Posted by Tom Foremski - May 14, 2009
My social media world is all a twhirl about corporate social media marketing. It's probably because I have a lot of contacts in marketing and communications.
And there are a gazillion social marketing "experts" out there hawking social media marketing strategies to corporations.
This is a mistake. Corporations are not people. They are made by people, and people work there, but they aren't people.
A while ago Seagate, the hard drive company, asked me to be its friend on Facebook. Then it asked me to be a "fan." I use Seagate so I clicked yes both times to see what was up. But do I really want a social relationship with my hard drive? No.
I interact with a 100 different brands throughout my day. If they all jump onto the social media bandwagon what happens then? Am I going to check out the Facebook status of my toothpaste? Will I wonder what parties my microprocessor is going to tonight? Hey, my jeans just uploaded some new vacation photos.
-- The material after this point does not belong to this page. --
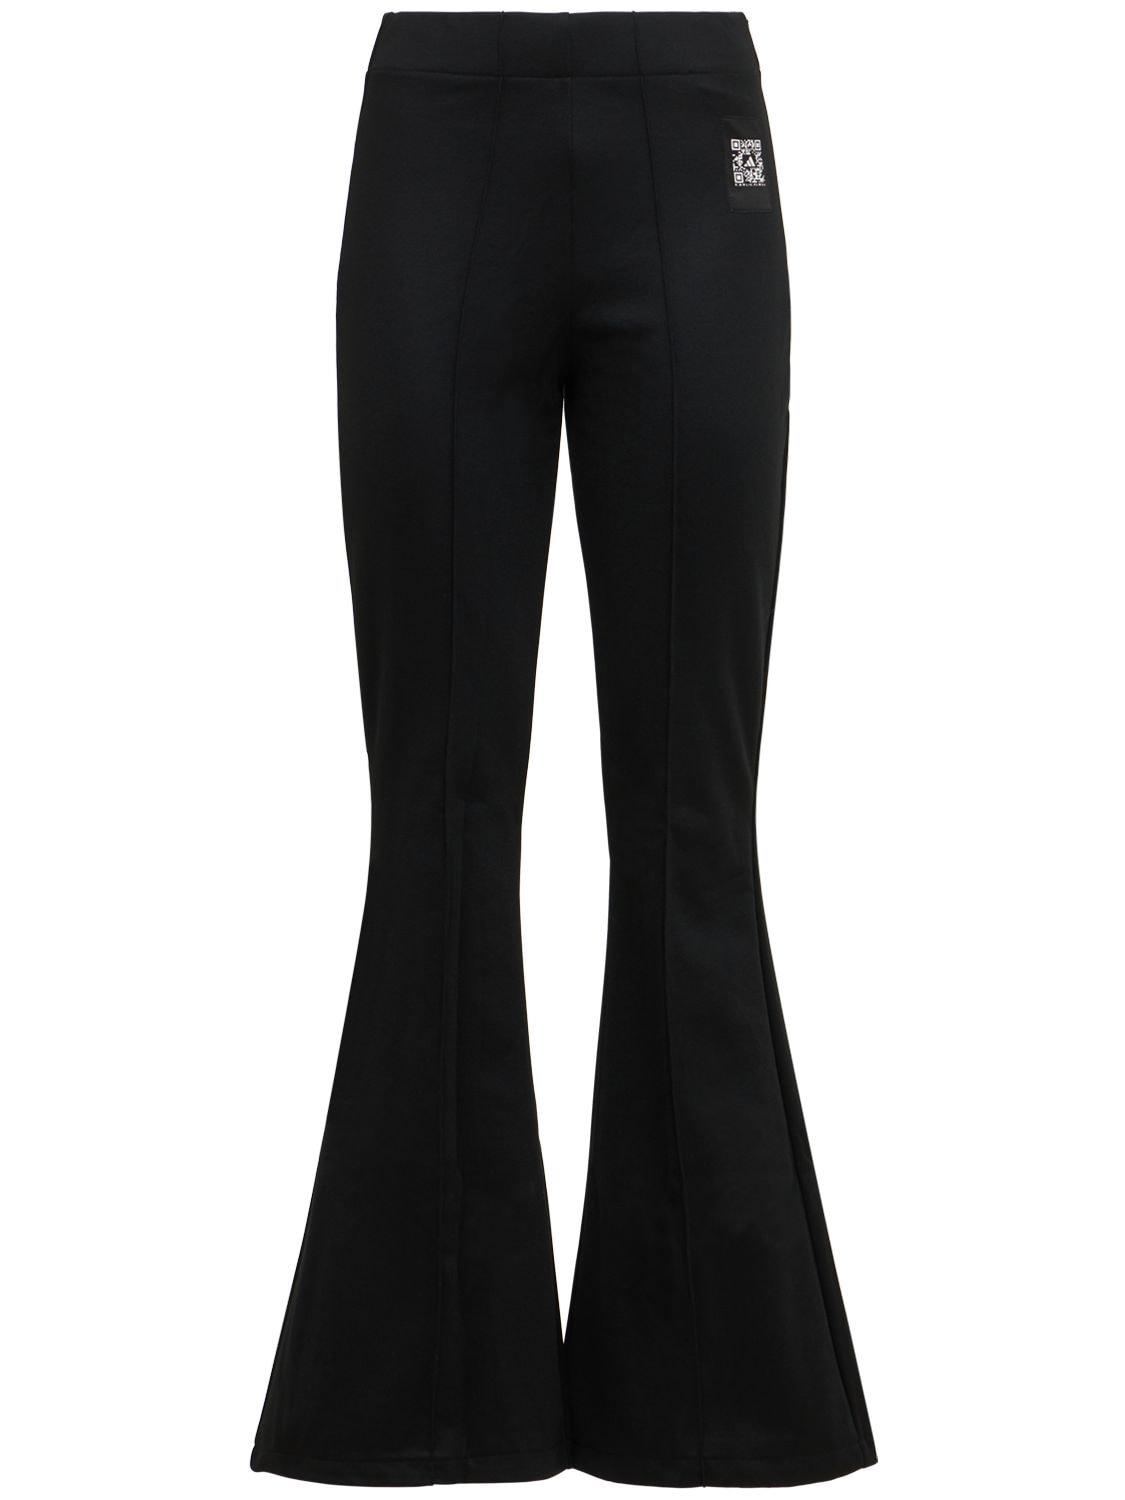 adidas Originals Karlie Kloss High Waist Flared Pants in Black

I don't want to socially interact with my hard drive or my dishwashing liquid. Managing social relationships is tough enough, I certainly don't want to do it with my products. I just want them to sit quietly and not engage with them. I paid for them, now I just want them to sit there and be inanimate. Don't send me emails, Twits, or try to engage with me. Thank you.
Same for adverts. There's a ton of jabber about "engaging" advertising. I don't want to engage with adverts, either. I don't want to engage with products. I like to engage with people.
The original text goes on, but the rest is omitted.